Elocution or electrocution? Teaching methods in Madrid

Bookshelf by Phil Moore

Bookshelf by Phil Moore

Published in Madrid, November, 2008

Teaching English in Madrid can be a frustrating business. From September to June students will persist stoically with phrases such as, ‘the people is’; they’ll turn up in winter telling you that they are ‘constipated’, and when you attempt to explain the difference in pronunciation between ‘sheep’ and ‘ship’, they’ll look at you as if you’ve just announced that you’re going to have a sex change.

Over the years I’ve tried almost everything to tempt students out of this linguistic purgatory. The most effective technique I ever discovered was to bring along to class a small, metallic Russian roulette gadget that I’d been given for a birthday and which delivered sharp electric shocks to unfortunate victims.

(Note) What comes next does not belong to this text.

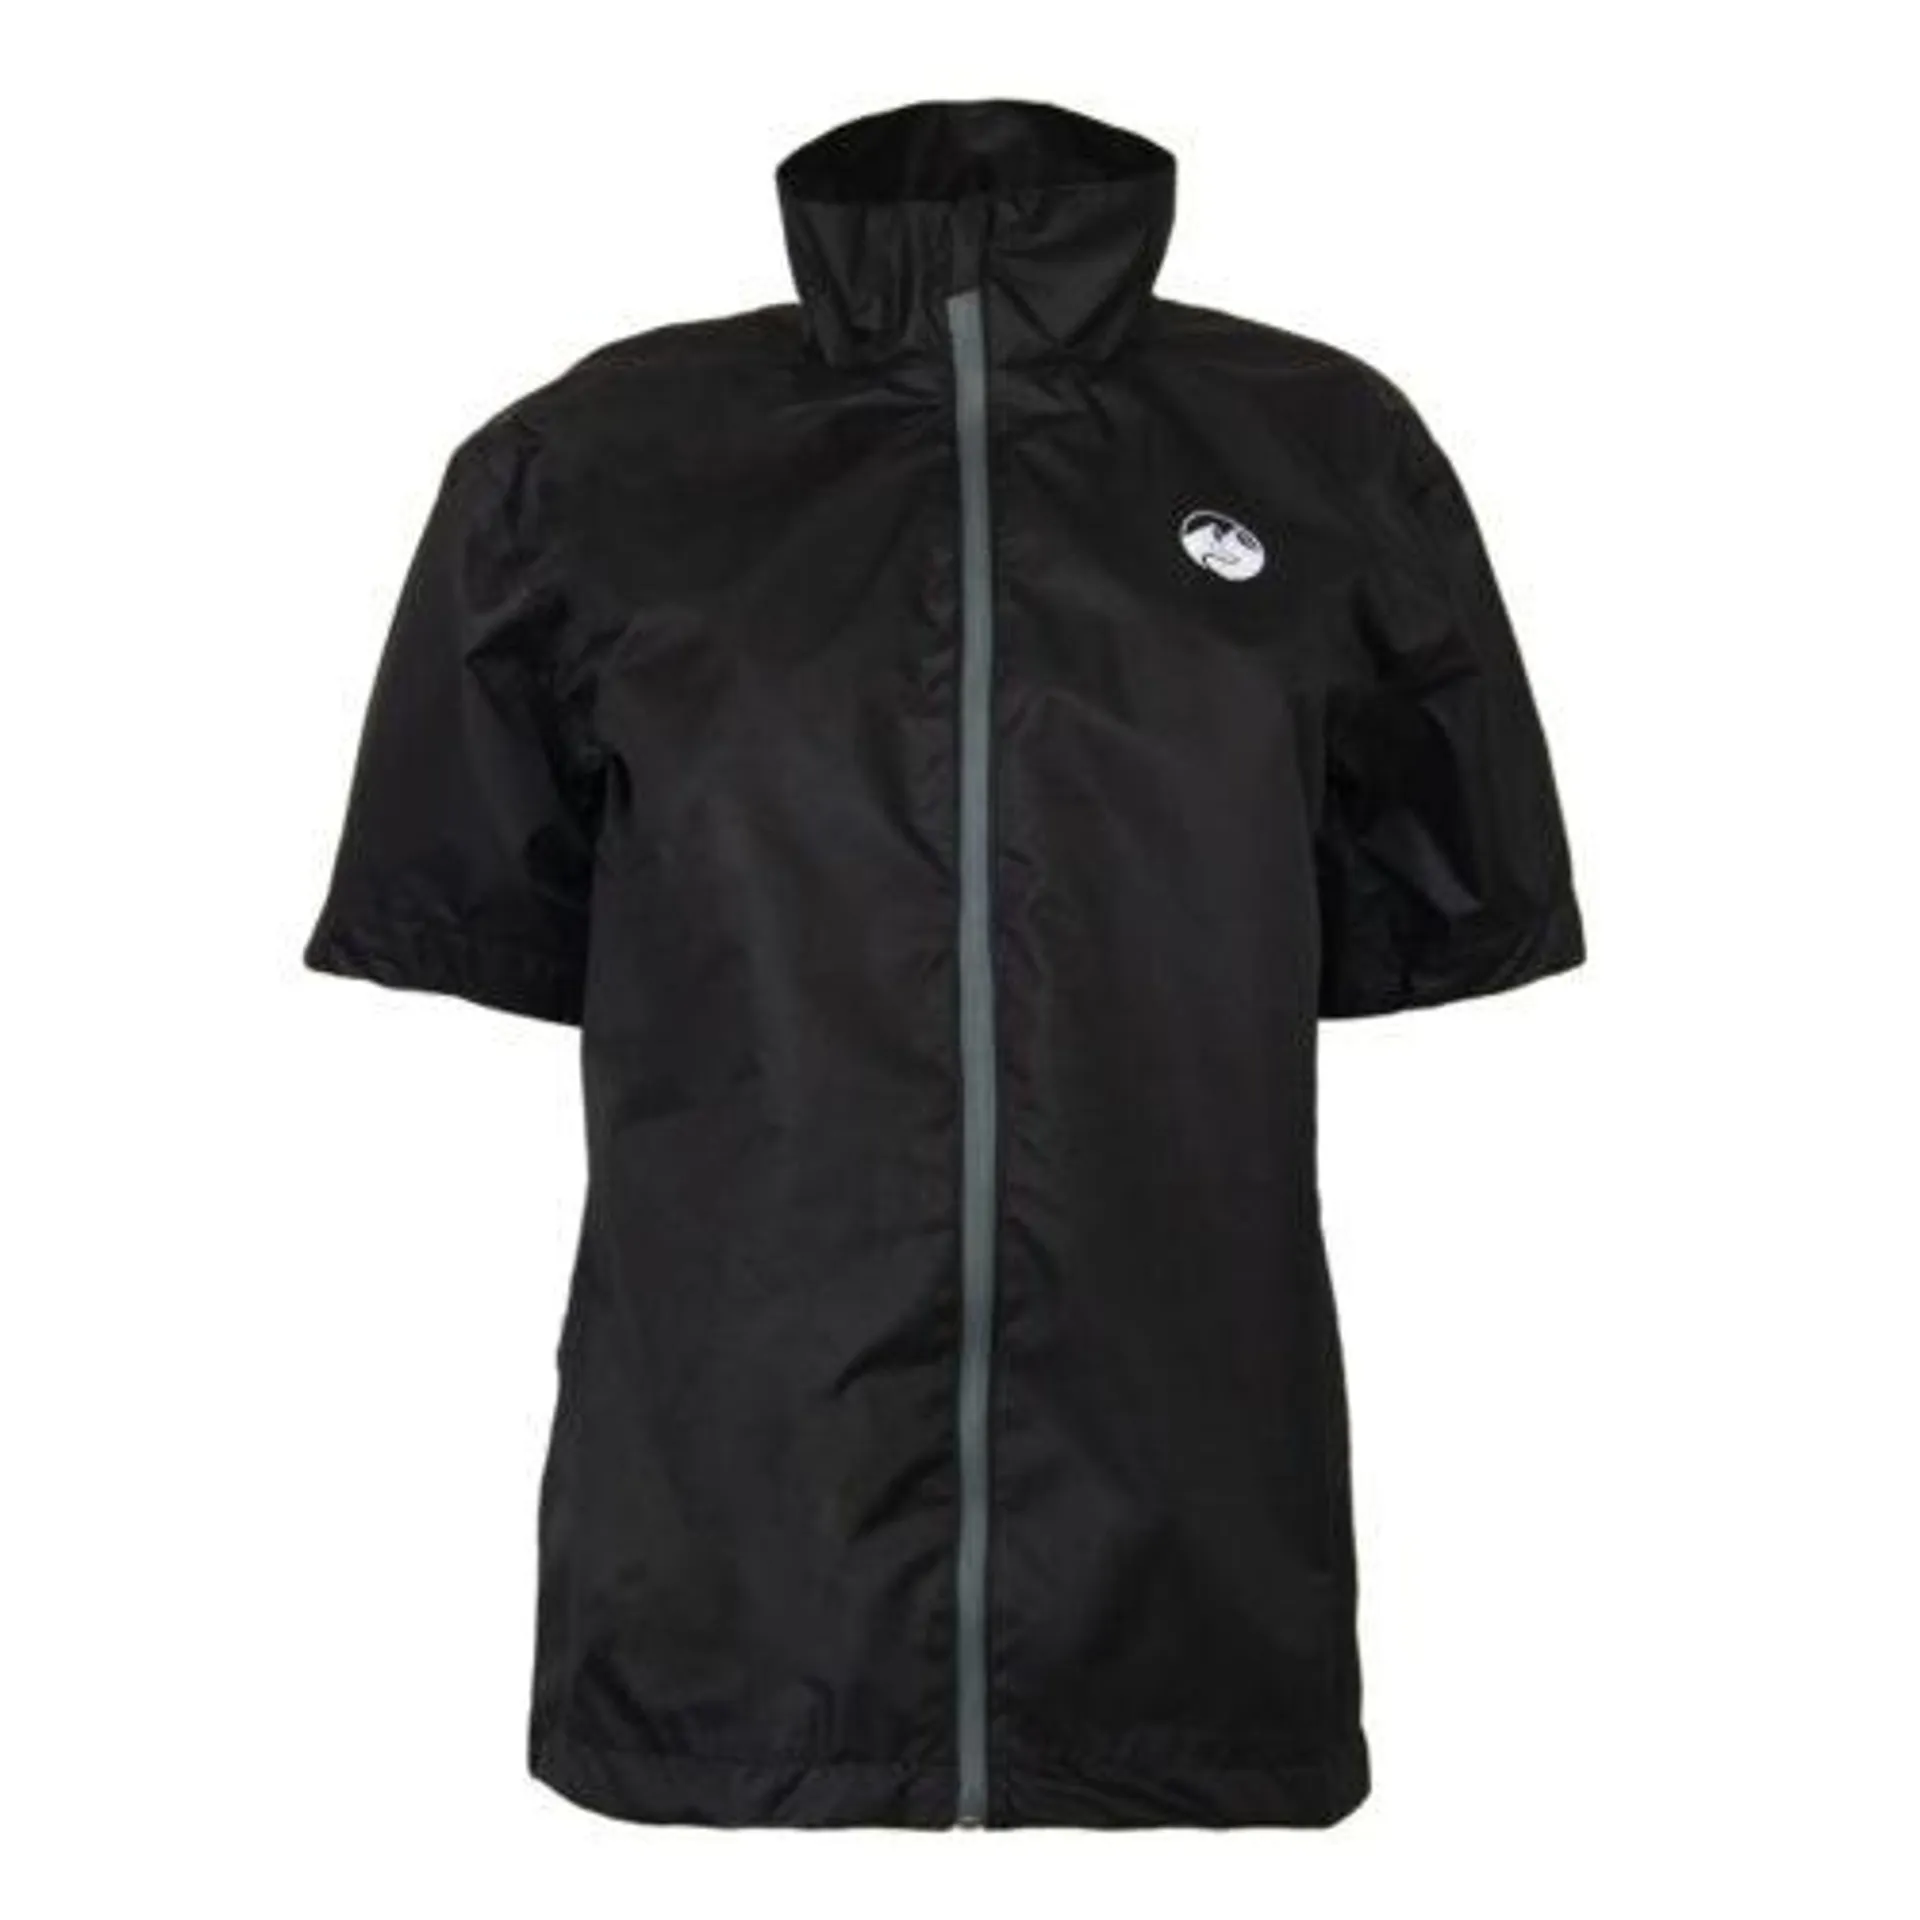 Cross Creek Rain Jacket Short Sleeve – Black

Improvements in standards were staggering, but, like all good things, it wasn’t to last. One day I was called in to see the director of studies who had got wind of the fact that I was electrocuting around three students an hour, and she demanded that I stop immediately. Apparently one of the HR managers had developed a nervous twitch.

Having to change my teaching methodology, I decided to turn to books. I went up to the highest floor of Fnac and bought all the classics that I could find: Dahl, Twain, Dickens, Tolkien and The Adventures of Sherlock Holmes. More language, context, discussion and culture could be drawn out of these books, I decided, than a Bernabéu full of Inside Out photocopies. Soon the roulette wheel had been replaced by an arsenal of the finest English literature I could get my hands on.

Of all the different styles of writing, and all the different genres, I’ve found that one particular breed of book is ideally suited to the English classroom: stories that are told through the eyes of a child. One example of such a book is Mark Haddon’s wonderful The Curious Incident of the Dog in the Night-Time. It works in class because the language is unfussy and precise, whilst the story is told with that childhood clarity that seems to desert all of us in adolescence. Identifying with the 15 year old Christopher Boone, a sufferer of a rare strain of autism called Asperger’s Syndrome proved fiercely addictive, and in the classroom it was perfect.

A number of other books fall into this category. John Boyne’s The Boy in the Striped Pyjamas is one. First published in 2006, the book has caused a lasting stir in the literary world: The Guardian dubbed it, ‘A small wonder of a book,’ it won two Irish book awards, the Children’s Book of the Year and in Spain its translation, El Niño con El Pijama de Rajas scooped the Qué Leer Award.

Like The Curious Incident of the Dog in the Night-Time, it is excellent in the classroom because of its accessibility. It tells the familiar story of The Holocaust through the eyes of a young German child called Bruno, whose father works as a NAZI official at the Auschwitz death camp. At the periphery of the action, Bruno’s abstract experiences add a chilling reality to the enormous crimes being committed. He refers to his home as ‘Out-With’, and in one typical passage of bitter irony, an innocent Bruno explains how he is forced to adopt the NAZI salute:

‘He opened the door and Father called him back for a moment, standing up and raising an eyebrow as if he’d forgotten something. Bruno remembered the moment his father made this signal, and said the phrase and imitated him exactly.

He pushed his two feet together and shot his right arm into the air before clicking his two heels together and saying in as deep and clear a voice possible – as much like Father as he could manage – the words he said every time he left a soldier’s presence.

‘Heil Hitler,’ he said, which, he presumed, was another way of saying, ‘Well, goodbye for now, have a pleasant afternoon.’

The power of Boyne’s prose is striking and unsettling. His masterstroke is to reduce a complex, horrendous crime to its bare facts: Why did they have to wear striped pyjamas? Why can he not talk to them? We see The Holocaust with rare clarity, as Boyne invites the read to empathise, to challenge and to debate.

Boyne’s book is a little gem, with a hidden twist in its final pages. At less than 30,000 words, it is short enough for an intermediate class to be through it within a month, and along the way it provokes thought – that key element of the learning process. It might not be Russian roulette, but it is certainly worth a spin.